なお、本発明は上記実施形態に限定されるものではない。即ち、本発明の骨子を逸脱しない範囲で種々変形して実施することができる。本発明では、保持面11の加工領域114は、研削砥石25の下面と平行でなくても良く、例えば、外縁113から中心111に向かうにしたがって保持面11の研削砥石25の下面との距離が徐々に増加しても良い。また、本発明では、評価用被加工物220の厚さが一様である場合、保持面形状算出ステップ1003において、研削残し部231の厚さ232を測定する代わりに、研削溝230の深さを測定しても良い。また、本発明では、図7、図8及び図9などに示したチャックテーブル10とスピンドル22の回転軸112,221の傾き120の関係に対し、スピンドル22及びチャックテーブル10の回転方向が反対になる場合がある。これは、評価用被加工物220を研削する場合だけでなく、デバイス204のある被加工物200を研削する場合も同様である。
1 研削装置
10 チャックテーブル
11 保持面
20 研削ユニット
21 研削ホイール
22 スピンドル
25 研削砥石
30 研削送りユニット
40 傾き調整ユニット
111 中心(回転中心)
112 回転軸
120 傾き
200 被加工物
220 評価用被加工物
221 回転軸
224,225 周縁部
230 研削溝
231 研削残し部
232 厚さ
1001 評価用被加工物保持ステップ
1002 研削溝形成ステップ
1003 保持面形状算出ステップ
1004 判定ステップ
1010 保持面修正ステップ

Claims (3)

  1. 被加工物を保持面で保持し回転可能なチャックテーブルと、研削砥石が環状に配された研削ホイールを先端に装着し回転可能な研削ユニットと、該チャックテーブルに向かって研削ユニットを移動させる研削送りユニットと、該チャックテーブルの回転軸と該研削ユニットの回転軸の傾きを相対的に調整する傾き調整ユニットと、を備え、被加工物をインフィード研削する研削装置において、円錐状の該チャックテーブルの保持面の形状を検査する保持面の検査方法であって、
    該チャックテーブルの該保持面で評価用被加工物を保持する評価用被加工物保持ステップと、
    該チャックテーブルの回転を停止した状態で該評価用被加工物を該研削ホイールで研削し、該チャックテーブルの回転中心を通る該研削砥石の移動軌跡に沿った円弧状の研削溝を該評価用被加工物に形成する研削溝形成ステップと、
    該研削溝に対応した研削残し部の厚さを複数の位置で測定し、円錐状の該保持面の形状を算出する保持面形状算出ステップと、
    算出された該保持面の形状が、許容範囲内か否かを判定する判定ステップと、
    を備える保持面の検査方法。
  2. 該研削溝形成ステップでは、該研削砥石が切り込む該評価用被加工物の周縁部から、該チャックテーブルの回転中心を通り、該研削砥石が切り抜ける該評価用被加工物の周縁部まで続く該研削溝を形成する請求項1に記載の保持面の検査方法。

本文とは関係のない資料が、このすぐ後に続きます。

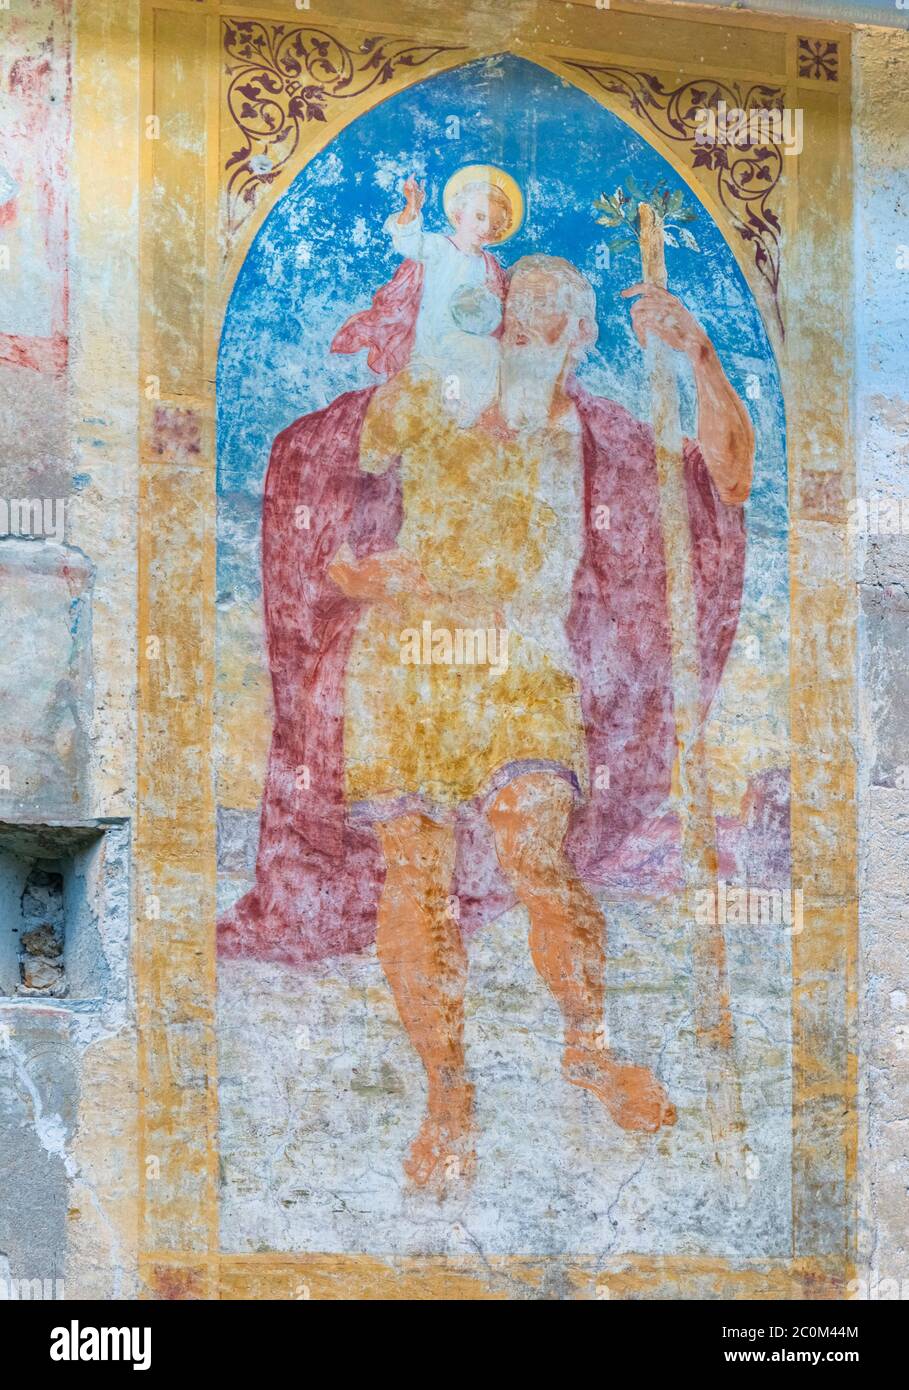 Fresco de San Cristóbal en una pared exterior de la iglesia románico-gótica de San Juan Bautista que fue construido alrededor de 1100 en las orillas del lago Foto de stock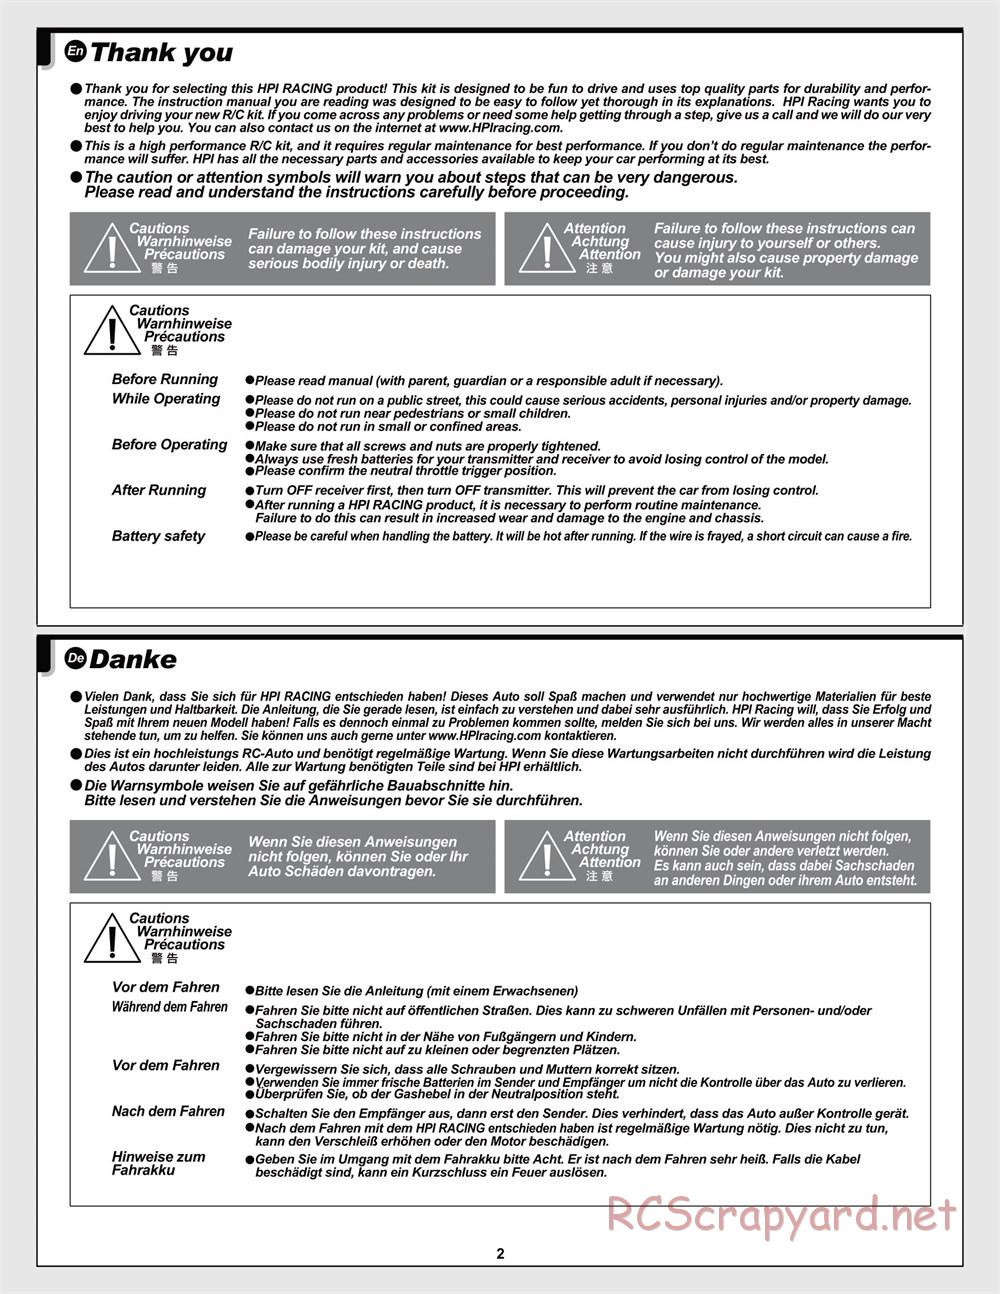 HPI - Jumpshot MT Flux - Manual - Page 2

  3. 評価用被加工物保持ステップの前に、該チャックテーブルを回転させながら該保持面を該研削ホイールで研削する保持面修正ステップを備え、
    該研削溝形成ステップでは、該保持面を研削した該研削ホイールを使用し、修正された該保持面の形状を検査する請求項1または請求項2に記載の保持面の検査方法。